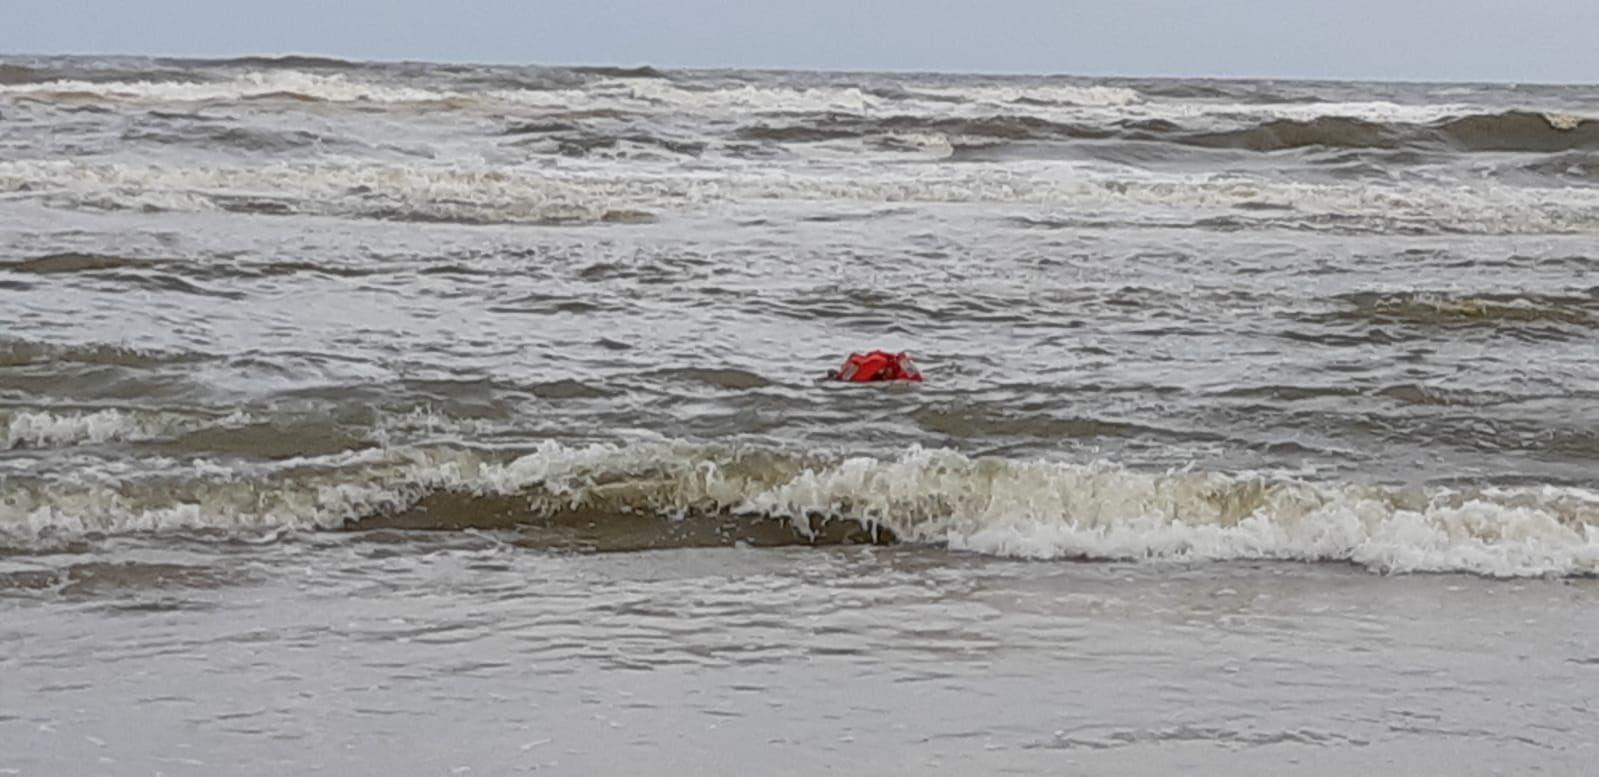 Verdrinking in zee blijkt oefenpop
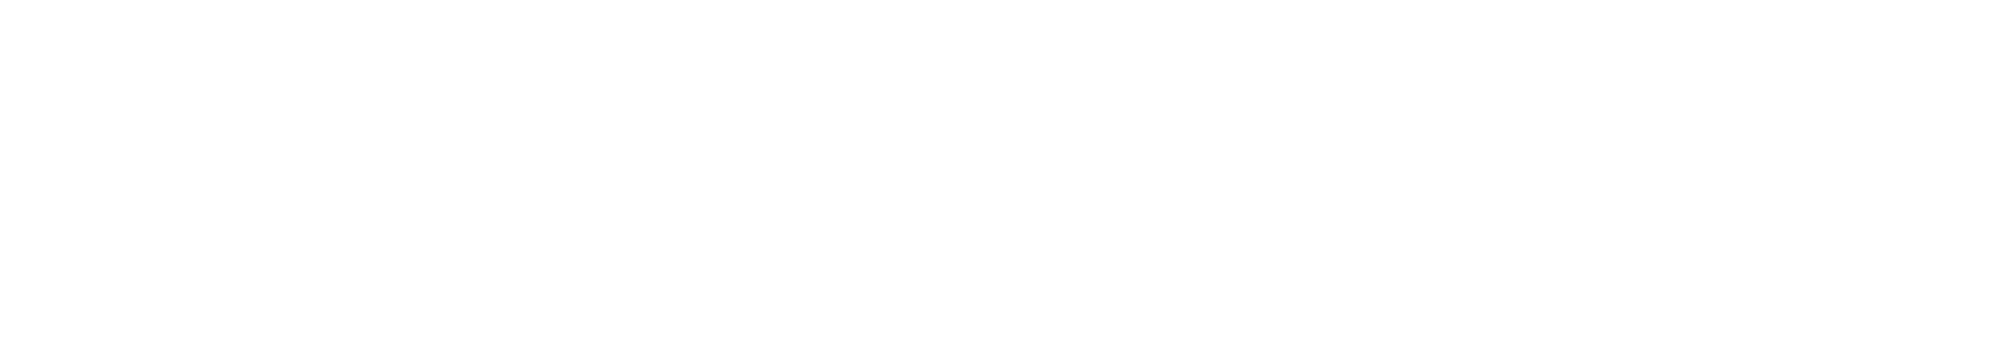 mic_fmf_web_full
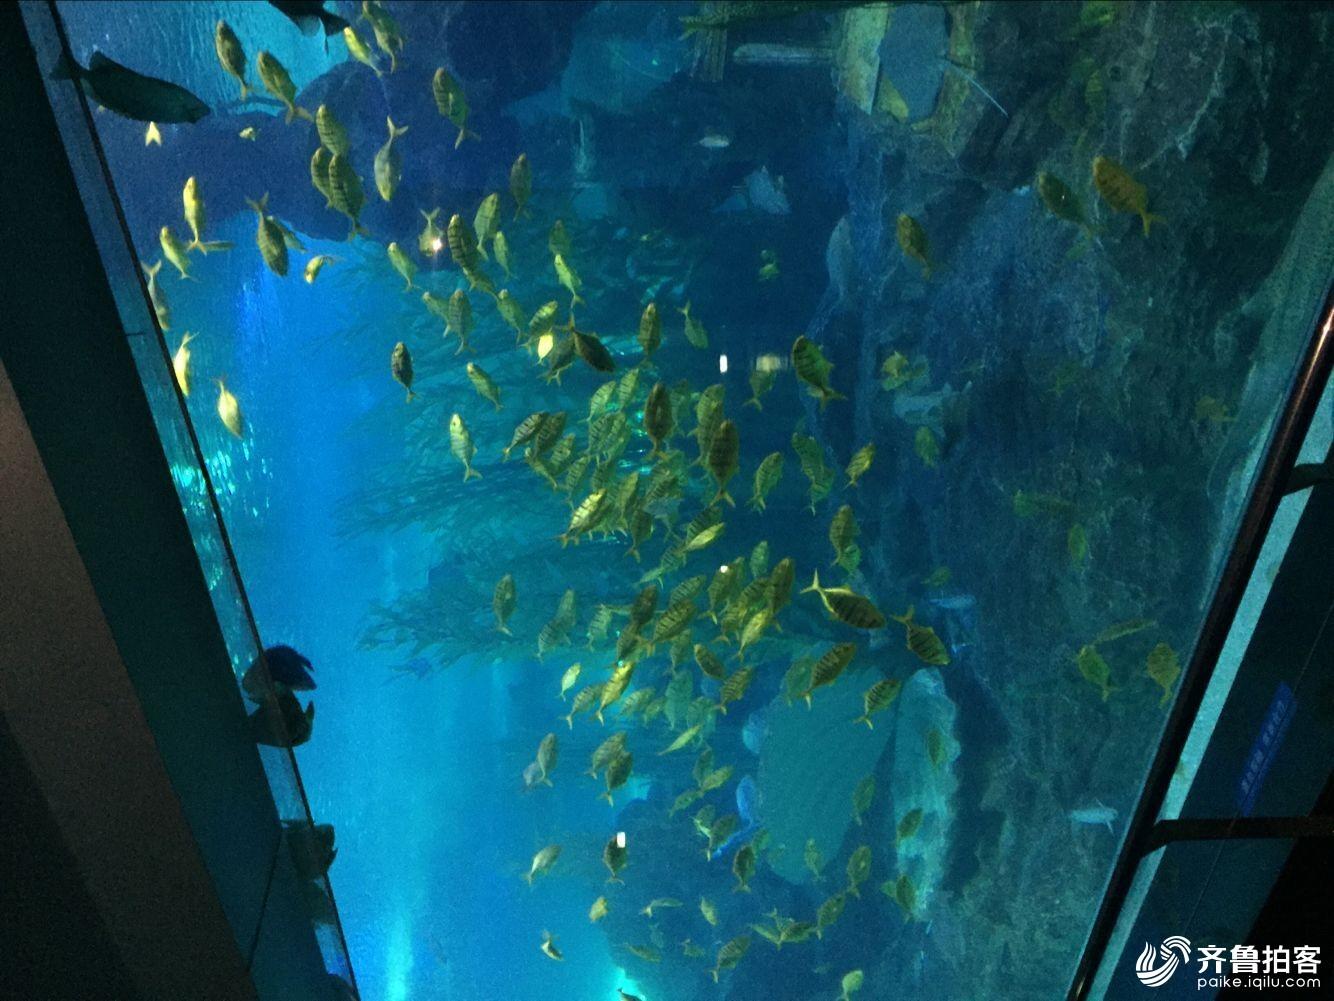 论坛 69 齐鲁拍客团 69 菏泽拍客 69 海底世界  分享到:qq空间
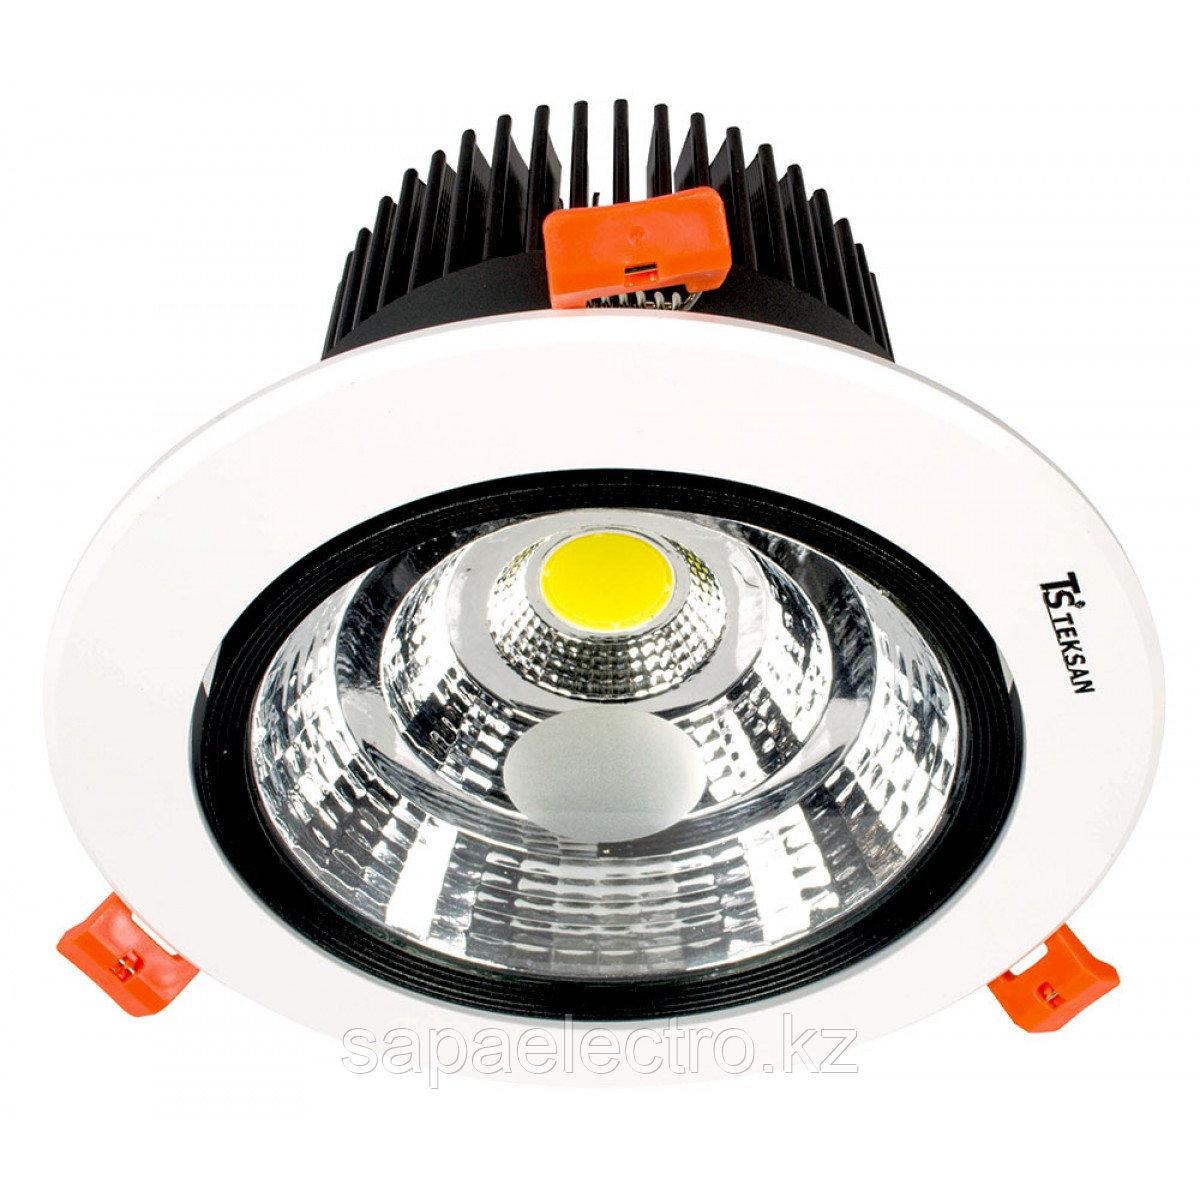 Свет-к DOWNLIGHT LED 627B 30W WHITE 5000K (TS)20шт
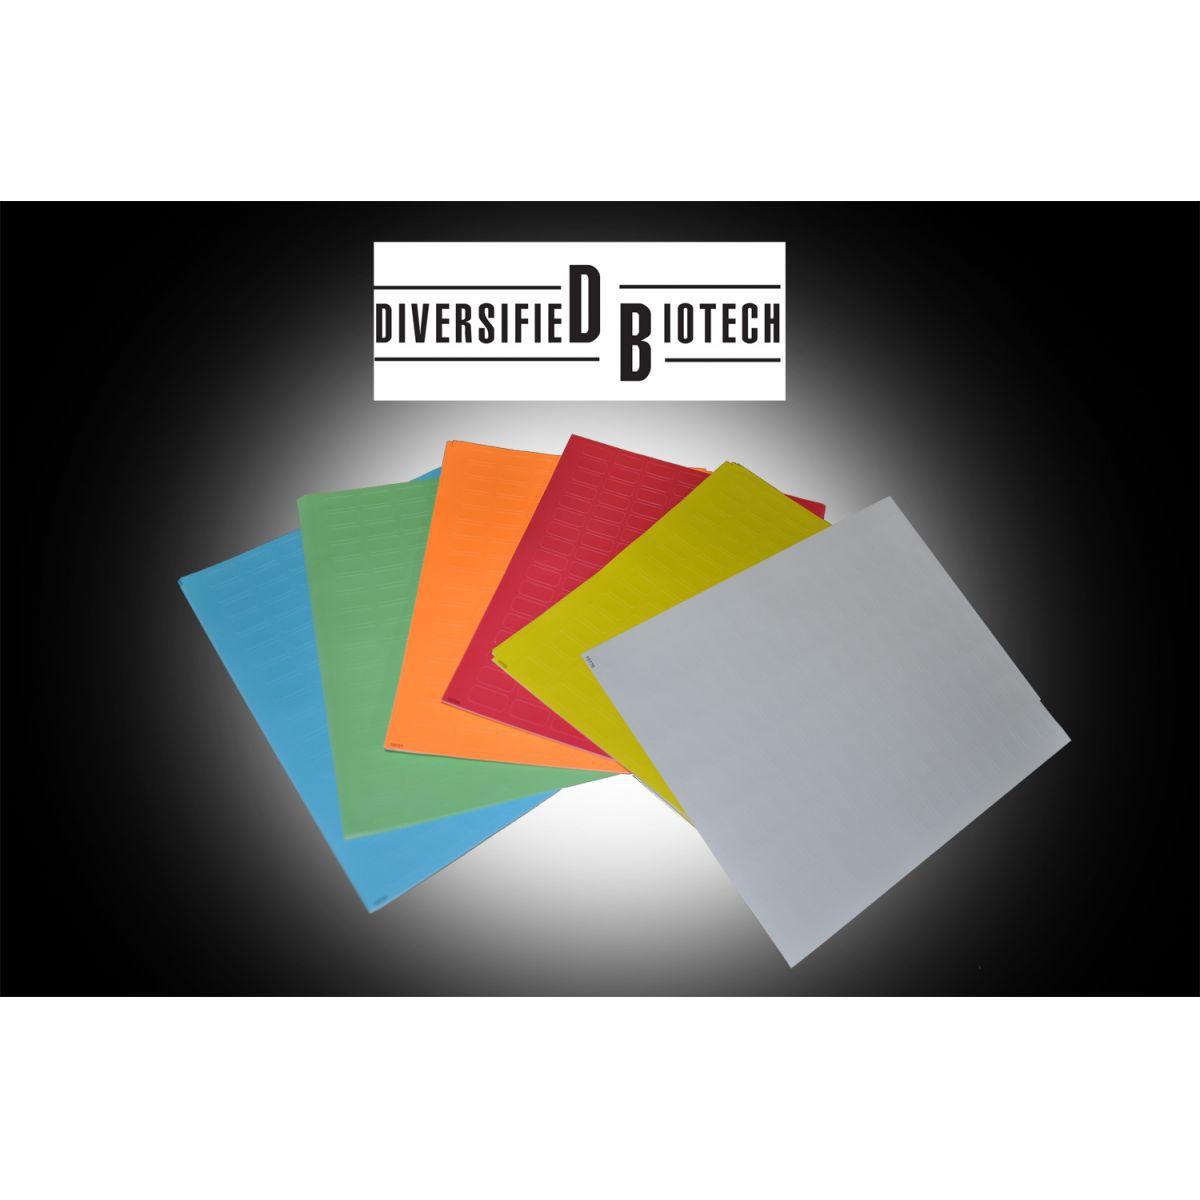 Etiquetas Cores Sortidas para Identificação de Caixas / Racks de Armazenamento, Microplacas, Microtubos, Lâminas de microscopia e Tubos Criogênicos.
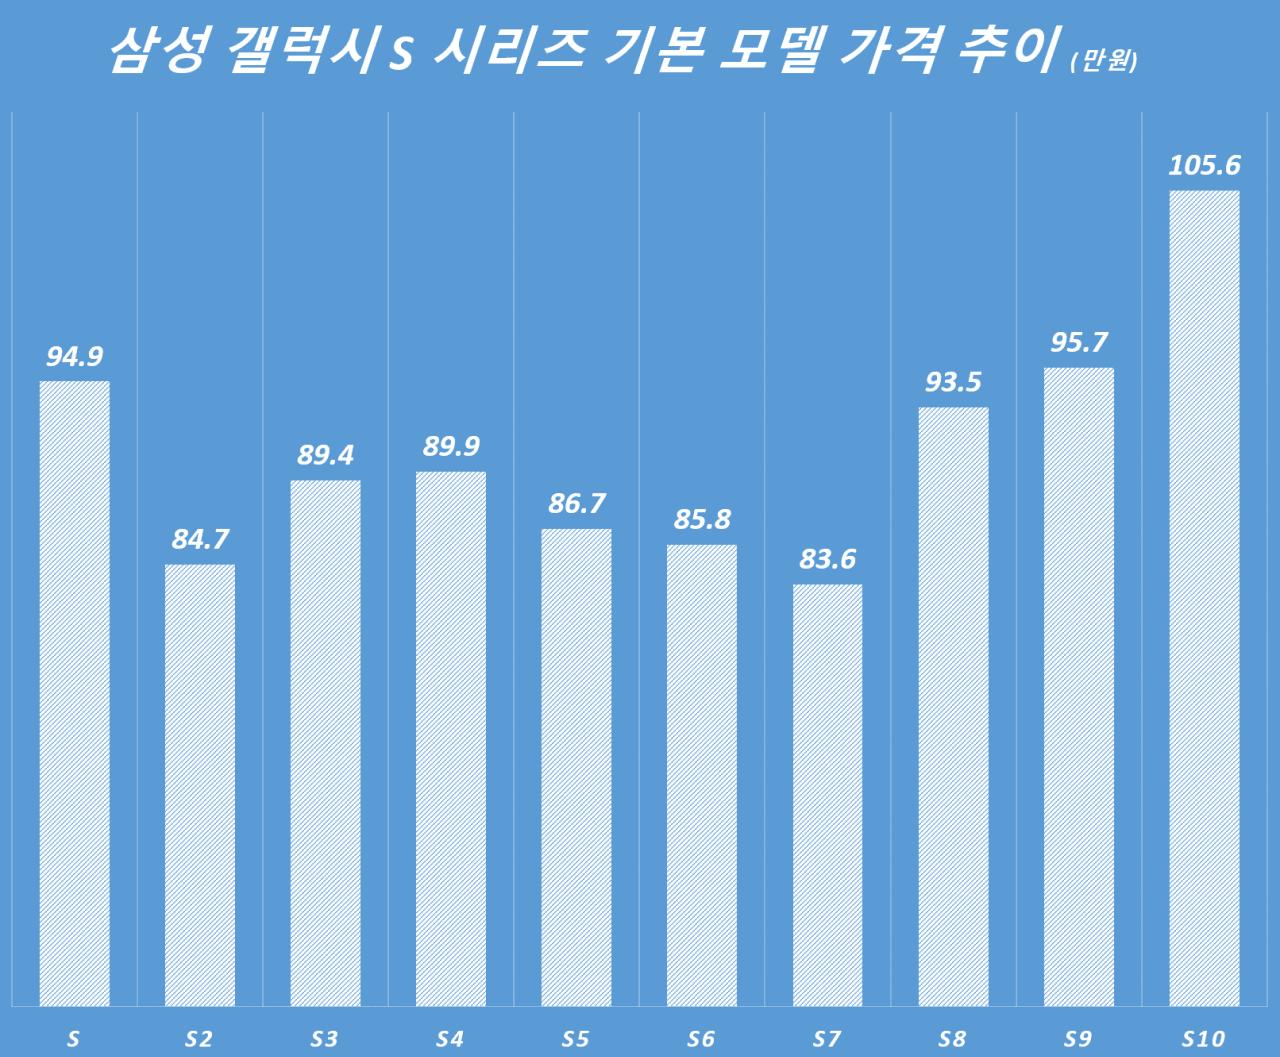 갤럭시 S 시리즈별 기본 모델 가격 추이, 갤럭시 S ~ 갤럭시 S10까지, Graph by Happist

--------

PROBLEM DETAILS — Each record above should be restated word for word. The pictures should not appear.

SOLUTION TO THIS PROBLEM —
 Verdrinking in zee blijkt oefenpop
 mic_fmf_web_full
 论坛 69 齐鲁拍客团 69 菏泽拍客 69 海底世界  分享到:qq空间
 Свет-к DOWNLIGHT LED 627B 30W WHITE 5000K (TS)20шт
 Etiquetas Cores Sortidas para Identificação de Caixas / Racks de Armazenamento, Microplacas, Microtubos, Lâminas de microscopia e Tubos Criogênicos.
 갤럭시 S 시리즈별 기본 모델 가격 추이, 갤럭시 S ~ 갤럭시 S10까지, Graph by Happist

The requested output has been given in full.